*** Available data

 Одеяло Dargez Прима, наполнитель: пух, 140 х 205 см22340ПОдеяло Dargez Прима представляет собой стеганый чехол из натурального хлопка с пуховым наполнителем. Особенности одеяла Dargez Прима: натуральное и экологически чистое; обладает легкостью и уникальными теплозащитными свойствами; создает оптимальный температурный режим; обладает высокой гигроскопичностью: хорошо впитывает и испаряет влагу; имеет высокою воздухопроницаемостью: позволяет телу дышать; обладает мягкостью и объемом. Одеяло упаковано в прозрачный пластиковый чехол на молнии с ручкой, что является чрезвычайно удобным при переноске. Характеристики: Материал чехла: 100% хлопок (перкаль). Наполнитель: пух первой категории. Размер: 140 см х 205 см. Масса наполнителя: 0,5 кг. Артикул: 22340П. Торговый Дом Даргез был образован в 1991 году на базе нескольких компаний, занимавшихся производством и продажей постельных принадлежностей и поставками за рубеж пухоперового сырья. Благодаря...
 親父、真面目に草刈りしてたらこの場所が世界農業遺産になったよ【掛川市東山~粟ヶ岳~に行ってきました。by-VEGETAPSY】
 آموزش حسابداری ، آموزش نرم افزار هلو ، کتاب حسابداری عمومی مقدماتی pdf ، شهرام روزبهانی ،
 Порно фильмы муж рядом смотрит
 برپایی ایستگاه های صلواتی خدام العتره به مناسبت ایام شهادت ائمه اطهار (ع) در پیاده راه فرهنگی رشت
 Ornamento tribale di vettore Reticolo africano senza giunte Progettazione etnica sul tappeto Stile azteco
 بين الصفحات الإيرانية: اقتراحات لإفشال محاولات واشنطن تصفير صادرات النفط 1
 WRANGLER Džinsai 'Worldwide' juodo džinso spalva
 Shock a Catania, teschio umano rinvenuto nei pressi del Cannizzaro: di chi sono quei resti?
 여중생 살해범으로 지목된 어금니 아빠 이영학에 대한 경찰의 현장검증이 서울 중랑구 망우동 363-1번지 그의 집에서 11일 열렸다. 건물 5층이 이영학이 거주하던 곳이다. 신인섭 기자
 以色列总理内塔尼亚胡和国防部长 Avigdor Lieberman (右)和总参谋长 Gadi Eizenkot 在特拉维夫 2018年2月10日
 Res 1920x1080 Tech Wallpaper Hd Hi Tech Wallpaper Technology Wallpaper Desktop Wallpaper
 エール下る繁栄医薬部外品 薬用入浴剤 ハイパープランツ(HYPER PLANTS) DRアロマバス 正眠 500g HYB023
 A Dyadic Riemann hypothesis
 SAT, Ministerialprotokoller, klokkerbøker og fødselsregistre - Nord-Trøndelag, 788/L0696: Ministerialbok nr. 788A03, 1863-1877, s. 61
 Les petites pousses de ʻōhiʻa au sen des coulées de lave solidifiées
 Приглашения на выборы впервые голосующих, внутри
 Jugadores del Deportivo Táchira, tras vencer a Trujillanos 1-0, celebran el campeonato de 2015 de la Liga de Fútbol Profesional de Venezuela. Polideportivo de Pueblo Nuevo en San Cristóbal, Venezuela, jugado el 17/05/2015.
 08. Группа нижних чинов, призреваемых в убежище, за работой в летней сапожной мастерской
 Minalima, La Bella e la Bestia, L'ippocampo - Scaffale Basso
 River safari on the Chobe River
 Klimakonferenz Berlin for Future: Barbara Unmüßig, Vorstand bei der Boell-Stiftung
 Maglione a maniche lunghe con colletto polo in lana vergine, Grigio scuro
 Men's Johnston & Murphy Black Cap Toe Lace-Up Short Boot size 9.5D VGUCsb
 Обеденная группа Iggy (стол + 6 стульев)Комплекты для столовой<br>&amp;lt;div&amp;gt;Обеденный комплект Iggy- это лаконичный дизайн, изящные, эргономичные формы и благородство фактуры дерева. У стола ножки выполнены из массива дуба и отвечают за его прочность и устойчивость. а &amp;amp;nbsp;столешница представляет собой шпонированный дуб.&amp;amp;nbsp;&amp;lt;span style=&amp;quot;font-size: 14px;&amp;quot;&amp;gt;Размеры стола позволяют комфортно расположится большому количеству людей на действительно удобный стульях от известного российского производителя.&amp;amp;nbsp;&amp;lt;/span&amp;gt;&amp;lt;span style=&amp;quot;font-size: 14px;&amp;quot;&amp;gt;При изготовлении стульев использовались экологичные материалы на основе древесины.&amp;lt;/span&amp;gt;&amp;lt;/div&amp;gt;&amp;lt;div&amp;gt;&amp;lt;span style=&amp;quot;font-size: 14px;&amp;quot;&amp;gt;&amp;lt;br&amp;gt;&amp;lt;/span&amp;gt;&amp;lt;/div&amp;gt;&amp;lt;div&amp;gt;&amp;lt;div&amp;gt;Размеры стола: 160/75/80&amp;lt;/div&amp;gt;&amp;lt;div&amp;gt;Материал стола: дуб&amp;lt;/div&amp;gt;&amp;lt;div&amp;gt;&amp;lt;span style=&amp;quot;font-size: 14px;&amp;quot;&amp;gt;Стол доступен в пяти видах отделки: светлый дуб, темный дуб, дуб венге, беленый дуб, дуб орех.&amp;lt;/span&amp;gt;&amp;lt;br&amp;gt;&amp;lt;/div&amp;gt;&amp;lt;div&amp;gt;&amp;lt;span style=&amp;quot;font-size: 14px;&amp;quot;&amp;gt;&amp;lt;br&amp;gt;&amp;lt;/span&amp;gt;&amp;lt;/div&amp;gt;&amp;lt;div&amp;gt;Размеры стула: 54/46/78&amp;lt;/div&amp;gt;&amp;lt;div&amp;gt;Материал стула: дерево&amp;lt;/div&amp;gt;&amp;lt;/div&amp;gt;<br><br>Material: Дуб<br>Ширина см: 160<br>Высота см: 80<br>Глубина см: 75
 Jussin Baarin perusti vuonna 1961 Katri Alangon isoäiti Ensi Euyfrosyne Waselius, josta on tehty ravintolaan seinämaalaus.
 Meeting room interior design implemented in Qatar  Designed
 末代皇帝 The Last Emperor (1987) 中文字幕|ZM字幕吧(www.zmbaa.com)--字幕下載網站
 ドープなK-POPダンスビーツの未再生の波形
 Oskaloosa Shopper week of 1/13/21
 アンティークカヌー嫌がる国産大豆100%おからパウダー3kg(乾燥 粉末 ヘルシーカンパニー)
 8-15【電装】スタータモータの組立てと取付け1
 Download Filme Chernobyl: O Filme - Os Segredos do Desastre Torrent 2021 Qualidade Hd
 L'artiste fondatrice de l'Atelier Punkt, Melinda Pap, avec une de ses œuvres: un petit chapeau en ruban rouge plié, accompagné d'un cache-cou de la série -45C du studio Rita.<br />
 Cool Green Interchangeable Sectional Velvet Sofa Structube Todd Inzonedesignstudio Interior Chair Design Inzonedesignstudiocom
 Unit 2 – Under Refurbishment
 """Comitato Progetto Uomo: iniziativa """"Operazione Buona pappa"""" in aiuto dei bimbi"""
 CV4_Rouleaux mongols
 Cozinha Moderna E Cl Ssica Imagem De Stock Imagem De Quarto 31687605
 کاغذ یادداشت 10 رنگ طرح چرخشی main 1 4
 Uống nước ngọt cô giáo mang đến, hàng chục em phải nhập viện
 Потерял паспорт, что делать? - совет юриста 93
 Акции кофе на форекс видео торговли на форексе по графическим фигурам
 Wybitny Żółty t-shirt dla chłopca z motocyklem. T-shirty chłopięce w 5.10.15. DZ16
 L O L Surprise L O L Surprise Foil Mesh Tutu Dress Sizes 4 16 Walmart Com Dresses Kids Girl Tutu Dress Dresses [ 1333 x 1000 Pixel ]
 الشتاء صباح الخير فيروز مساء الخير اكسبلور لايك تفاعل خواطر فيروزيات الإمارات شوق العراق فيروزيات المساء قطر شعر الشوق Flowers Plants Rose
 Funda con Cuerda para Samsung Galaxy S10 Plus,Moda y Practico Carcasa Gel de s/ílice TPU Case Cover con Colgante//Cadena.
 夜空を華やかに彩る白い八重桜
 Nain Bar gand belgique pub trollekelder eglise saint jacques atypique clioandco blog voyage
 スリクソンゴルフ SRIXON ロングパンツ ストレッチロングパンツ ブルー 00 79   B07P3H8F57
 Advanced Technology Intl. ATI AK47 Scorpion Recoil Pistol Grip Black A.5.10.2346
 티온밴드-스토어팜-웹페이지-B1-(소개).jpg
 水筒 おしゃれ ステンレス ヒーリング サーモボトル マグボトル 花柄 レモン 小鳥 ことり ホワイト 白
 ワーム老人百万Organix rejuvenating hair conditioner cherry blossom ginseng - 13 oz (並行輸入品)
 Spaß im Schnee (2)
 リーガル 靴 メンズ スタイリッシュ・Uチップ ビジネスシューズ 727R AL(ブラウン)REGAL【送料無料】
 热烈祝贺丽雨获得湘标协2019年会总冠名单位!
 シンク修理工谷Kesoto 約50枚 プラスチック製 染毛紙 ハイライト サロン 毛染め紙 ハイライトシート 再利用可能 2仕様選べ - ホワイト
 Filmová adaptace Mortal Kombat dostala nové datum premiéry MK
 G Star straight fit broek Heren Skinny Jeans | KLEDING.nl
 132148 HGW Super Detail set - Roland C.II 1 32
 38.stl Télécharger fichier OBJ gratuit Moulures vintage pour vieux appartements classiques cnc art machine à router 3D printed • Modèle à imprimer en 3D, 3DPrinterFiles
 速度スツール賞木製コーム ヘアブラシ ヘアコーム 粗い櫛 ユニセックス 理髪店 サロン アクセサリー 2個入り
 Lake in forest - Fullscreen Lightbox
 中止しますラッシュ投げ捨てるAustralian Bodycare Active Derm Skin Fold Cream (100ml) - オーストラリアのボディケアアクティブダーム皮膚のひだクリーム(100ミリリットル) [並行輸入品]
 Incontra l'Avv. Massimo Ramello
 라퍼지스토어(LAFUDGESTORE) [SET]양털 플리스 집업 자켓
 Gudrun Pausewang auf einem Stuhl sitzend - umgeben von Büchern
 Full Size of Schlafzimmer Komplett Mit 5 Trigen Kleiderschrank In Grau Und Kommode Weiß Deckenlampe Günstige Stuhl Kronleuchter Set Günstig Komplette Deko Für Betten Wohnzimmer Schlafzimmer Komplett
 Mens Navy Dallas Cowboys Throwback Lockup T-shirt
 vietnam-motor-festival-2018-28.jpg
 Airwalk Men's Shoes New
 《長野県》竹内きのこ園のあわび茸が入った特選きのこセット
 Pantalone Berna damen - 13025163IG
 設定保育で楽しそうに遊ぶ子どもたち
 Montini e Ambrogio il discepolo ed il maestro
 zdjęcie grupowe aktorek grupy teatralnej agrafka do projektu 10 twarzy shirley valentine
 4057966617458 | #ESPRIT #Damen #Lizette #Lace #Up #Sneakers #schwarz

******

> _Work instructions_
Start with the line above that contains "ワーム老人百万Organix rejuvenating hair" and stop after the line that contains "シンク修理工谷Kesoto 約50枚 プラスチック製". Output those lines exactly, and only those.

> _Solution_
 ワーム老人百万Organix rejuvenating hair conditioner cherry blossom ginseng - 13 oz (並行輸入品)
 Spaß im Schnee (2)
 リーガル 靴 メンズ スタイリッシュ・Uチップ ビジネスシューズ 727R AL(ブラウン)REGAL【送料無料】
 热烈祝贺丽雨获得湘标协2019年会总冠名单位!
 シンク修理工谷Kesoto 約50枚 プラスチック製 染毛紙 ハイライト サロン 毛染め紙 ハイライトシート 再利用可能 2仕様選べ - ホワイト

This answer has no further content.